Стреляют, и никак не разглядишь, где наши, а где чужие. Ну, думаю, теперь наши покажут чертям этаким кузькину мать. Вдруг, несколько подбитых самолетов один за другим вниз полетели. А что ежели наши?.. И вот тебе, какая обстановка создается. Смотрим, четверо на наших двоих насели, а ребята наши, видать, голой рукой не бери! Моментом двух к земле пустили. Рады мы все до смерти! Ловко они их обработали. Немцы хитрить начали и, оставшись вдвоем, бросились сначала на одного нашего… Тут-то мы и почувствовали силу русской души. Увидел этот парень, летчик, значит, что положение крутое создалось — и так и этак собьют! Сшибся с ближним в воздухе, только клочья полетели от двух самолетов. Один на один остались. И наш так насел на фашиста, что тот ни вздохнуть, ни охнуть не может. Фашист какие только хитрости не придумывал, а наш словно веревкой к нему привязался и колошматит безжалостно. Ну, думаем, этот не остановится, пока не добьет гада. Уж и машина у него загорелась, а он не отступает, да и немец, смотрим, утекать начал, пораненный, видать, не выдержал, пошел на посадку, а наш — за ним. Э-э-э, думаю, времени терять нельзя! Беру с собой несколько бойцов из отряда и спешу туда. В лесу видимость плохая, все время приходится на деревья кого-нибудь посылать, чтобы с пути не сбиться. Наконец, добрались, смотрим: машина горит. Кусты, как трава покошенная, поломанные вокруг. Крест на хвосте черный. Подошли ближе. Кабина открыта, а пилота нет. Неужто живой ушел? Не может быть. Немедля даю команду своим бойцам: разыскать во что бы то ни стало. Ясное дело — побился летчик, и далеко ему не уйти. Присел. Жду. Подходит Василий — в ординарцах у меня ходил — докладывает, что недалеко наш самолет догорает.

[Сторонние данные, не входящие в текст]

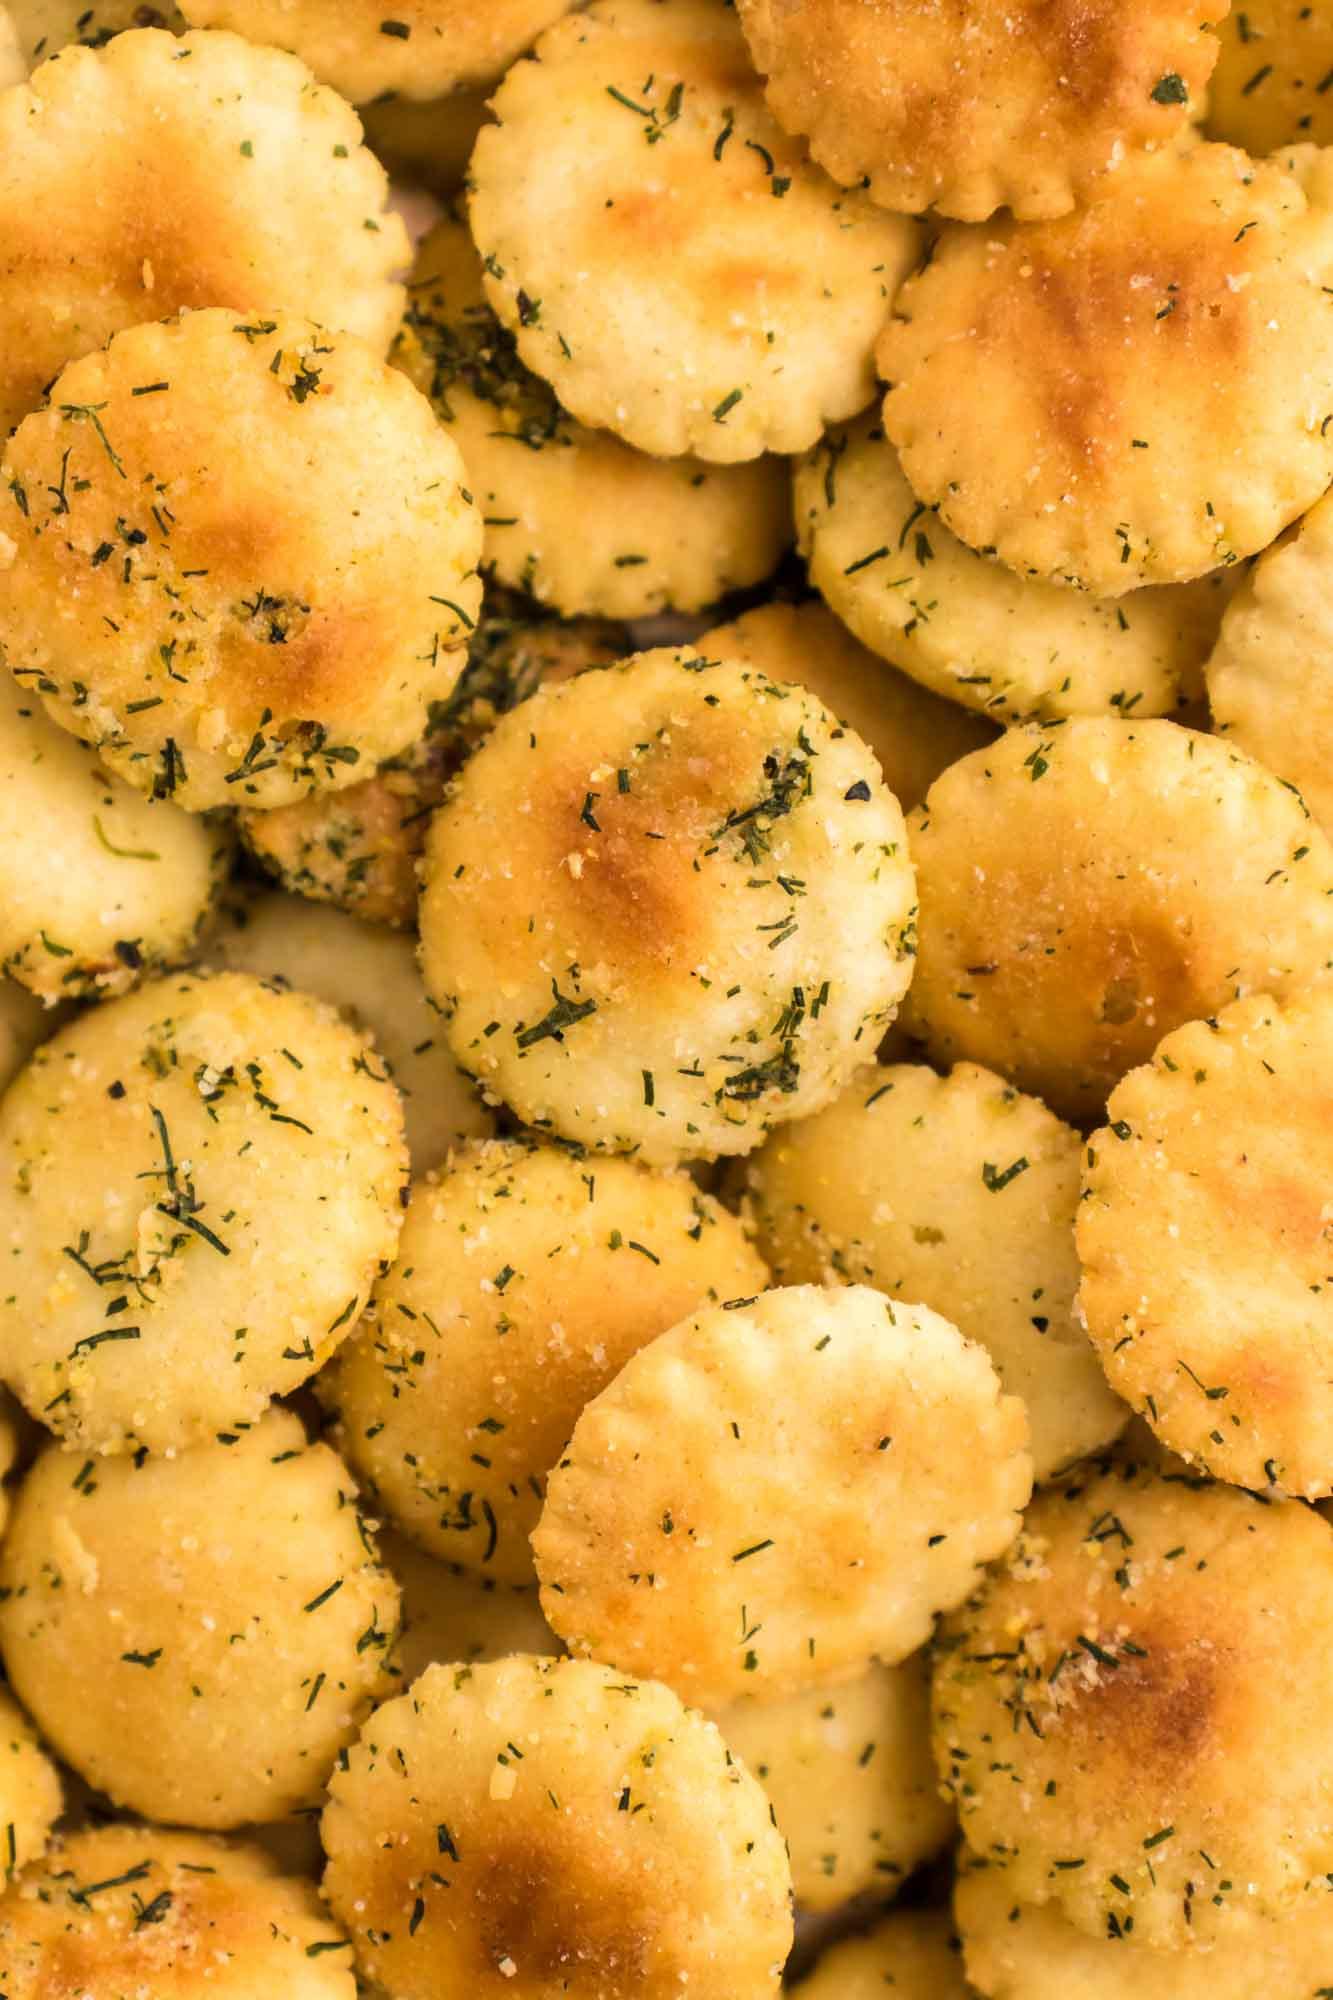 Close up shot of the seasoned crackers

Я бросился туда. Не соображаю, что делаю: схватил летчика, а на мне уж куртка загорелась. Ординарец мой, Василий, подбежал, плащ-палаткой накрыл, потушил огонь. Все благополучно обошлось; малость только руки прижег. А летчик, видать, был раненый, лоб ему расшибло, ноги тоже, должно, переломаны, болтаются, как плети. Комбинезон до половины стянут. Весь обгорел, паленой шерстью от него в нос так и шибает. Документы достали в коробочке железной. Питаем: наш парень, заслуженный. Хотели мы с него комбинезон снять, но не решились — думаем, рассыплется на куски. Пока мы его осматривали, самолет догорел. Завернули мы летчика в плащ-палатку и потащили в наше расположение. Только отнесли его метров двести, слышим, сзади стрельба. Каратели нагрянули. Мы отстрелялись, ушли.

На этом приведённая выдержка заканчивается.